Crying etiquette in Denmark
My heart broke. There was no holding back the tears. I let it all out in a public space, choked by the emotions of standing alone in a crowd. Death at a distance had found me and struck me. The art of crying in Denmark is very different from that which I am used to in Kenya. I live in a society that is accustomed to demure crying whereas some may perceive this as the coldness of Danes, to them (Danes) crying is at their core of privacy, a primary value in Danish etiquette. Danes have a way of taming their emotions in public spaces. Showing such an outburst of emotions in public is a rarity.
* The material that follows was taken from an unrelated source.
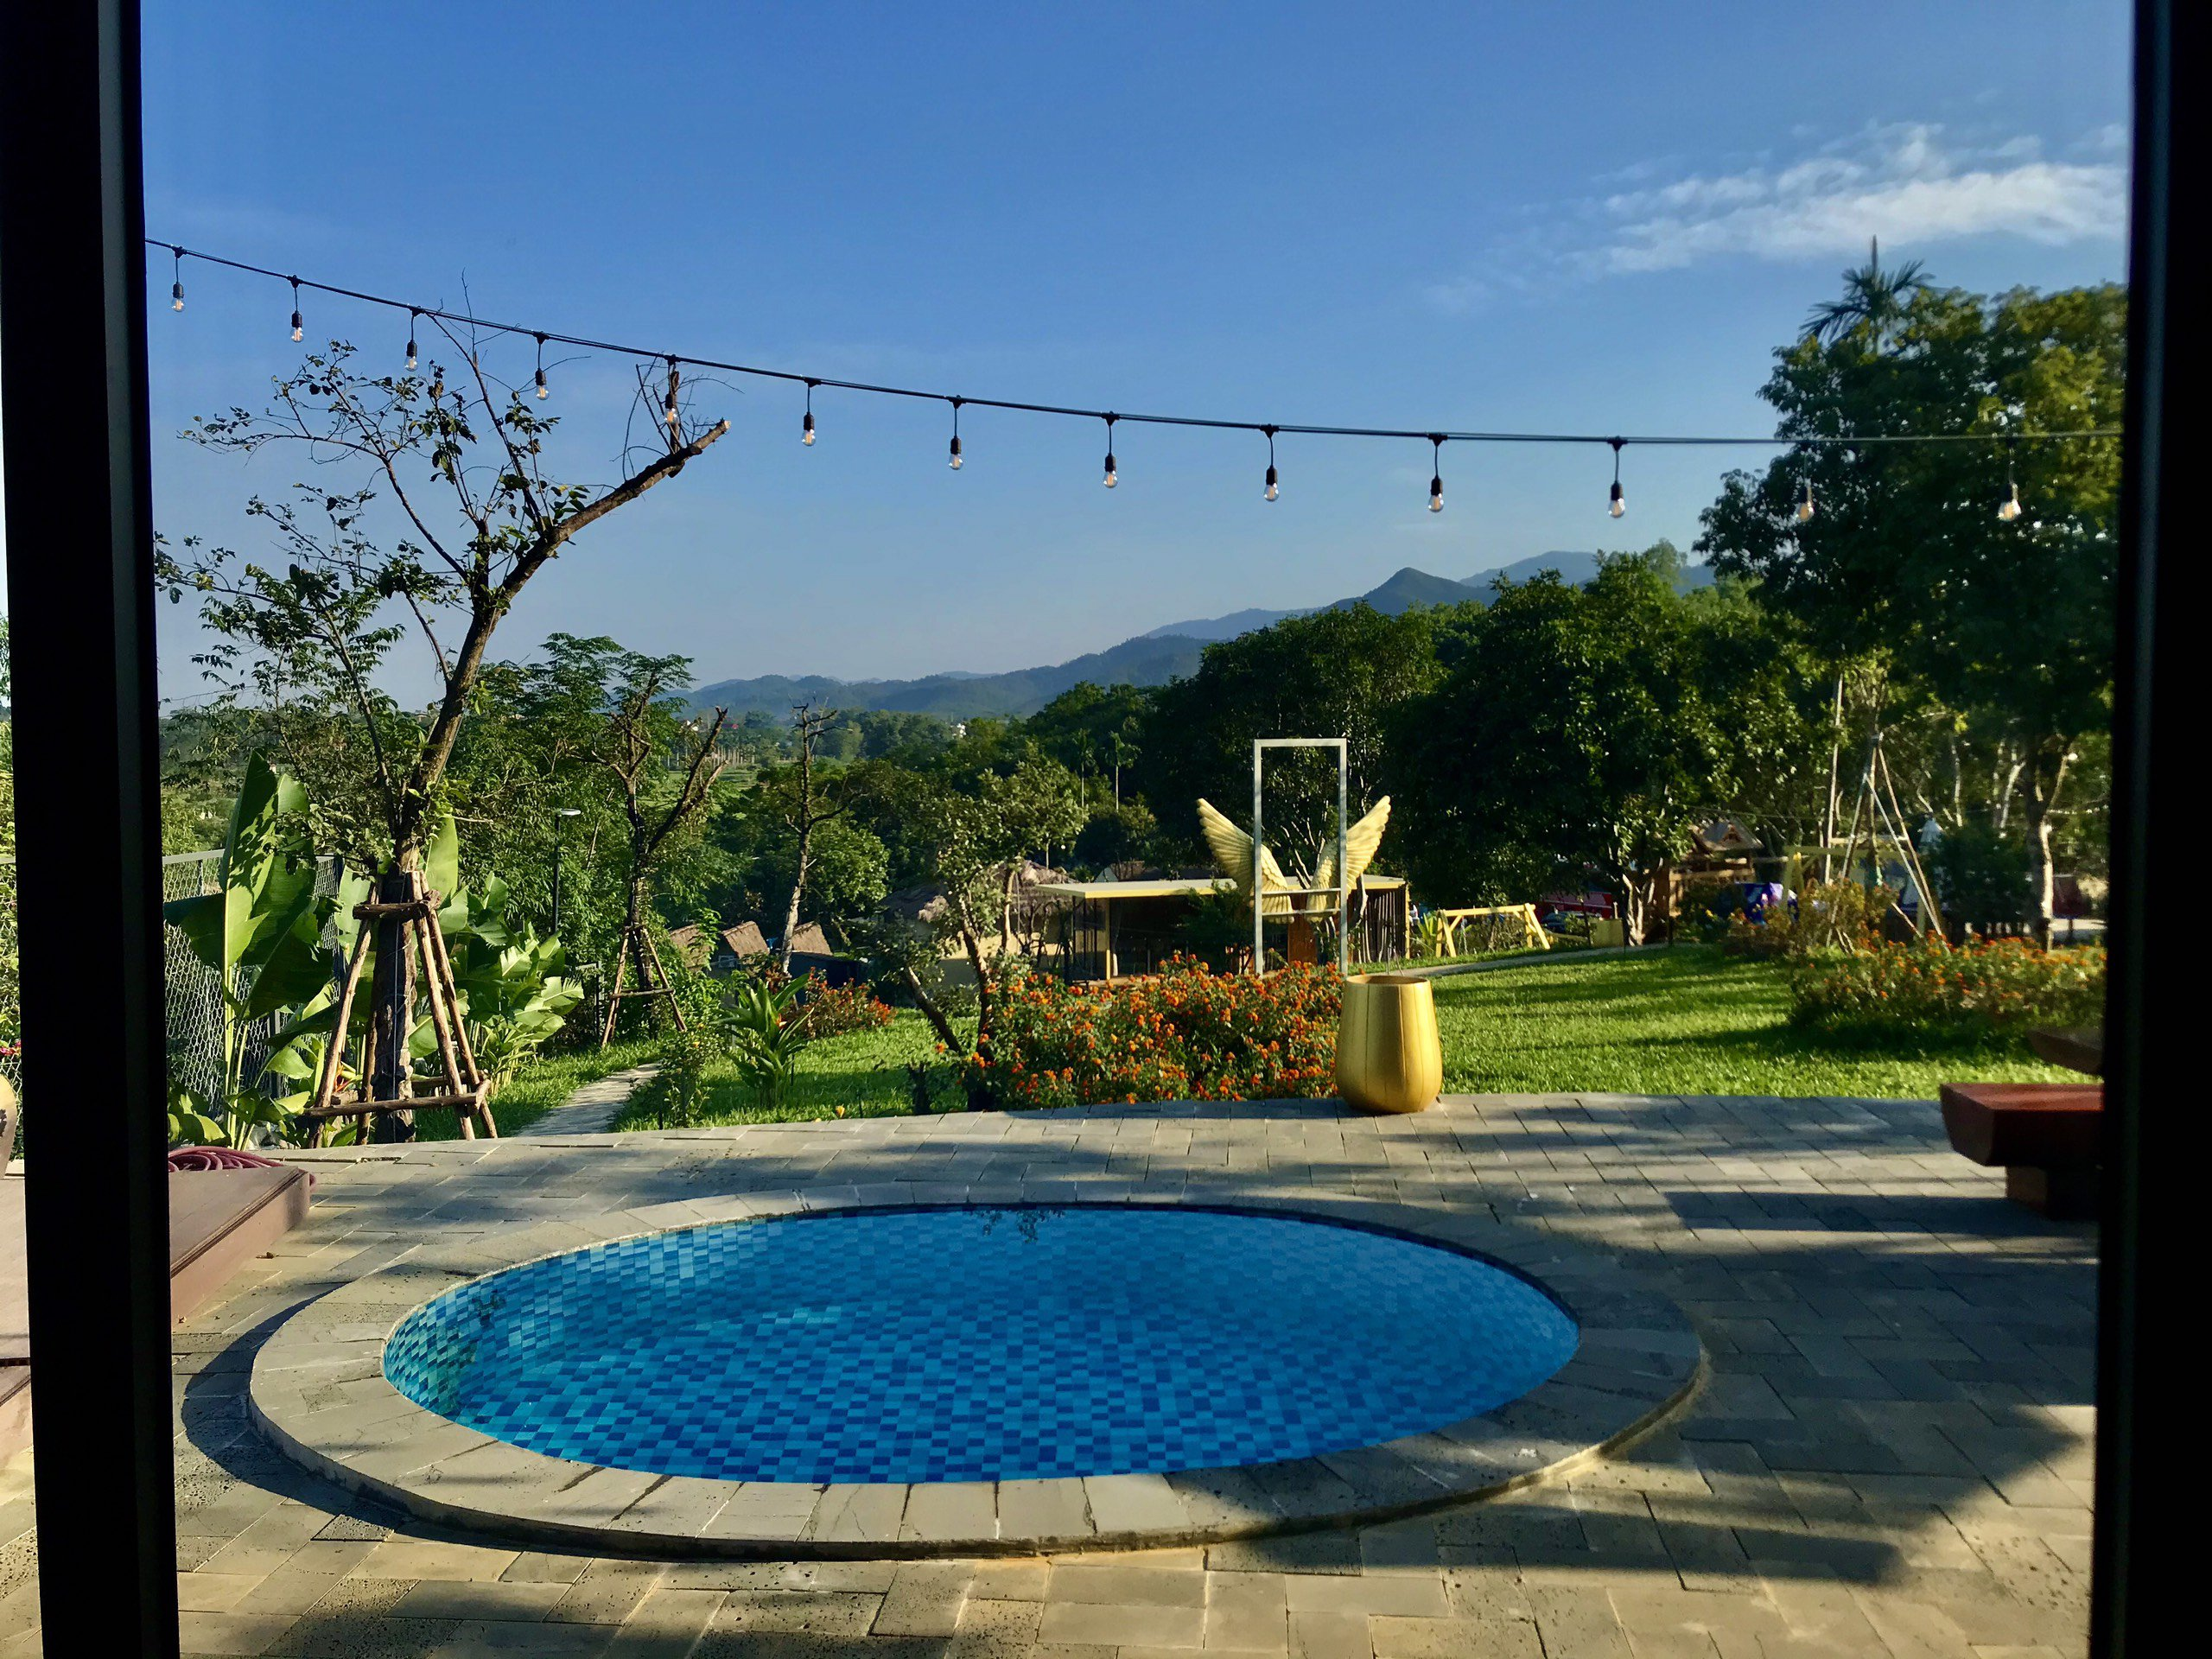 bungalow chill villa homestay ba vi ha noi

My crying was neither silent, from the corner of my eyes (angelic) nor dignified. It was disarming, raw, and loud.
Here I was, hyperventilating and choking from my grief, bearing all my vulnerability in a public bus. Not sure where to go or how to stop the tears. Half grateful that the news hit me when I was already out of the staffroom. I knew that blubbering my emotions at work, in my first week, in front of predominately Danish colleagues, would not only have been outright awkward. There was no moment to summon my inner strength and suppress the burning emotions. There was no in-between. The hurtful lump in my throat burst out and forth came a flood of gushing hot tears. I later walked down the streets, confused, in a hysterical crying fit, until my husband came to my rescue. I collapsed into his arms, the sheer weight of my grief too strong to tame. He felt helpless.
The biggest sacrifice
Dealing with the death of a loved one while leaving abroad carries a whirlwind of emotions. I have spent the last two weeks scavenging the internet for information and calling relatives to piece together information about her final moments. It has been my way of dealing with the pain, shock and anger.
Being an immigrant calls for lots of sacrifices, many of which mean being absent during key family events, such as births, your parents growing old, weddings, circumcisions, death and funerals. I know one too many people who have lost parents and siblings but have not had a chance to travel back to Kenya for the funeral. In some instances, they have had to be ‘present’ for the burial through Skype. I never thought this would happen to me, but it has. The first reaction that came to my mind when I received news of my cousin’s death was to drop everything and run home to my family.
However, the reality of my life in Denmark forces me to be practical and think soberly through my grief. I have to be honest and accept that I cannot buy that ticket home at the blink of an eye. I have a toddler, a new job, and a plane ticket bought for travelling to Kenya at a later date. Being with my family in Kenya would be ideal at the moment, but it is not practical. I would love to be there, to accept the reality of my cousin’s death, but I have to make a sacrifice.
Being absent from my Kenyan family is probably a sacrifice that I will have to make many more times during my life abroad. Such is not only my reality but that of almost every other immigrant. Every moment that I am away from my family or friends in Kenya, that dreaded phone call may come. In the meanwhile, I have been bargaining with mortality in the face of my cousin’s sudden death, yet I have to find healthy means of coping with grief and finding closure when death finds me at a distance.